Any sed gurus that would like to explain how to accomplish the following.  I
have not masterd the art of sed or awk.

I have a file that contains drug names and next to the drug name is the drug
group.

> Dipyrone		Analgesic
> Nefopam		Analgesic
> Thiosalicylic Acid	Analgesic
> Xylazine		Analgesic
> Chloramphenicol	Antibiotic 

A need a shell script that will read from another (ascii) data file, find an
occurance of a DRUG_NAME, write the line to another (ascii) file and append
the appropriate DRUG_TYPE to the new line.

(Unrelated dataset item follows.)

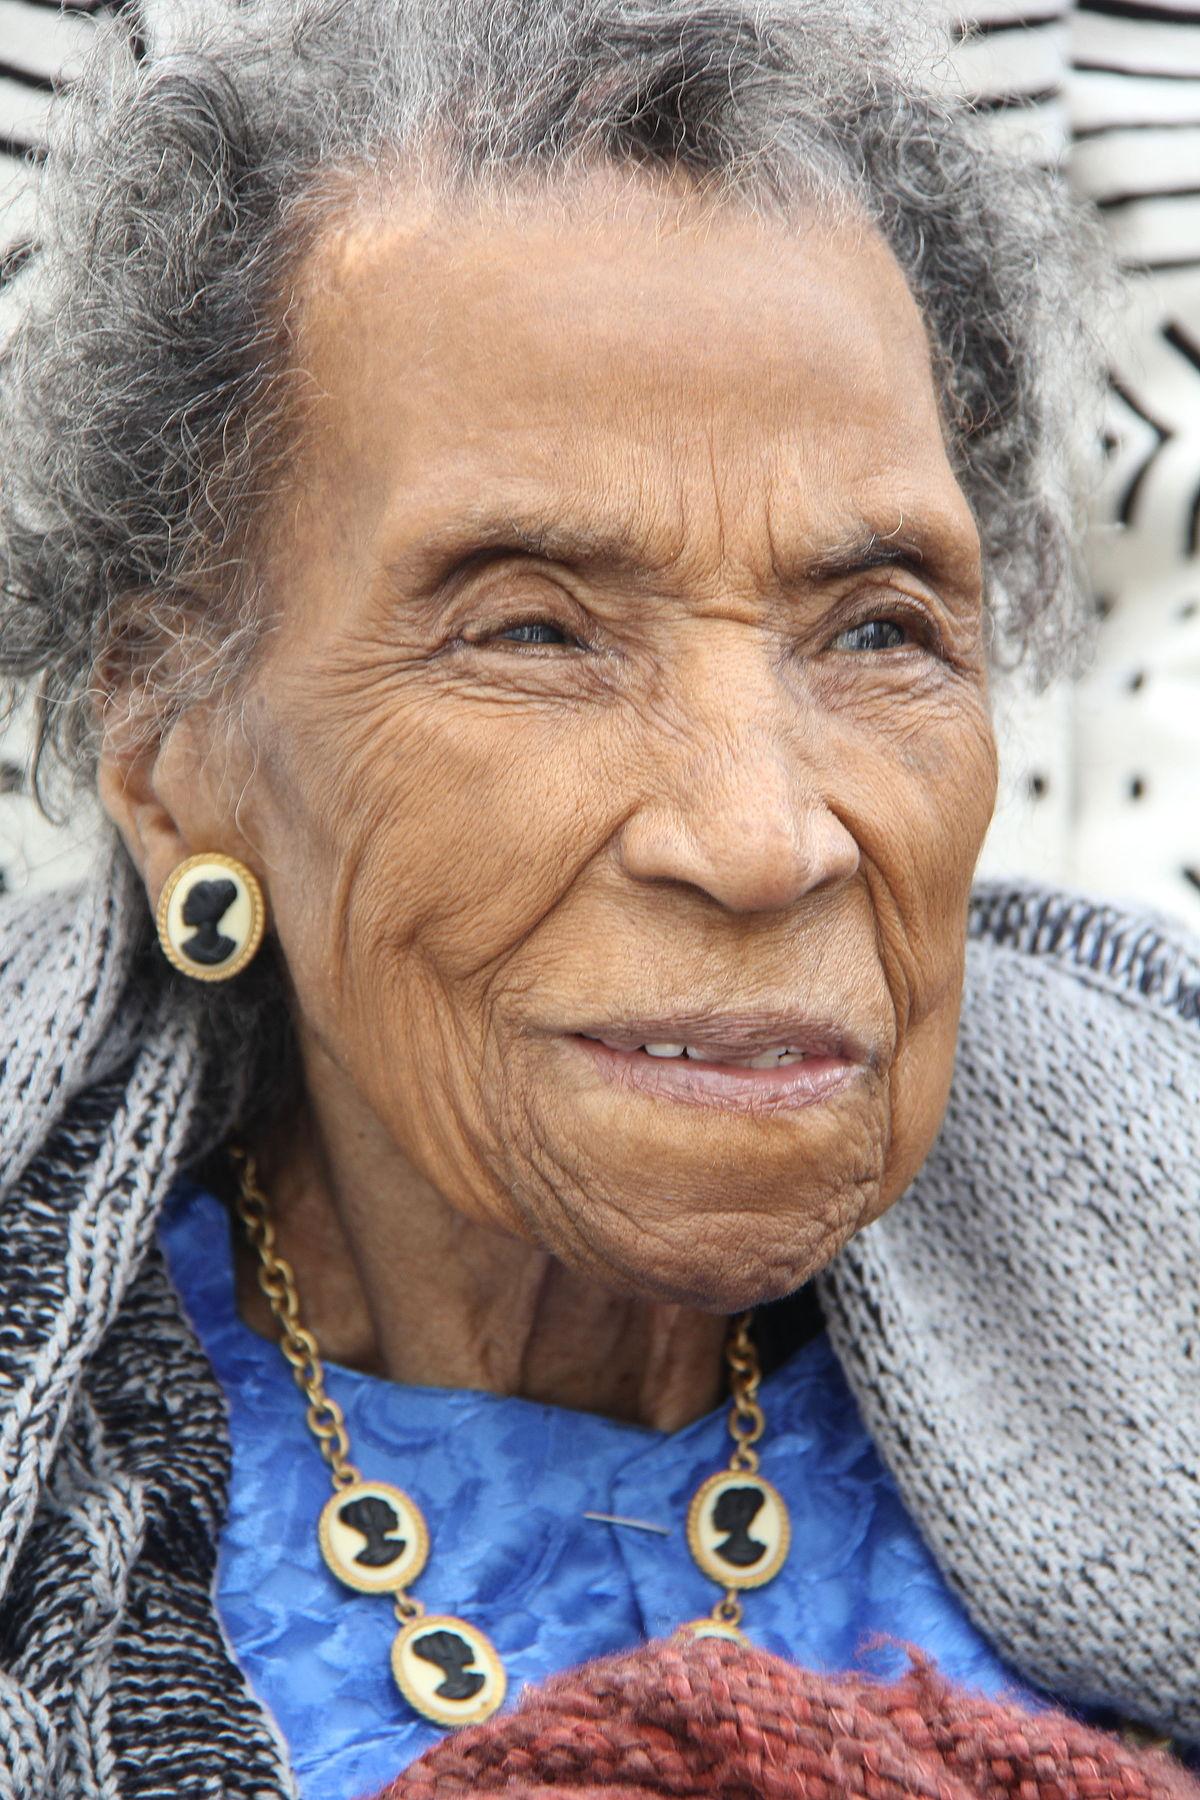 Amelia Boynton Robinson

# line with drug name in it
xxxx 01/02/90 xxxxxx xxxxx xxx x xxxxxxx Dipyrone .... xxxx xxxxx 

# rewrite new line to new ascci file
xxxx 01/02/90 xxxxxx xxxxx xxx x xxxxxxx Dipyrone .... xxxx xxxxx Analgesic

-- 
Neil Greene ---	University of Kentucky Mathmatics and Sciences
		University of Kentucky Computing Center 

neil@graphlab.cc.uky.edu [NeXT Attachments]

jik@athena.mit.edu (Jonathan I. Kamens) (04/10/91)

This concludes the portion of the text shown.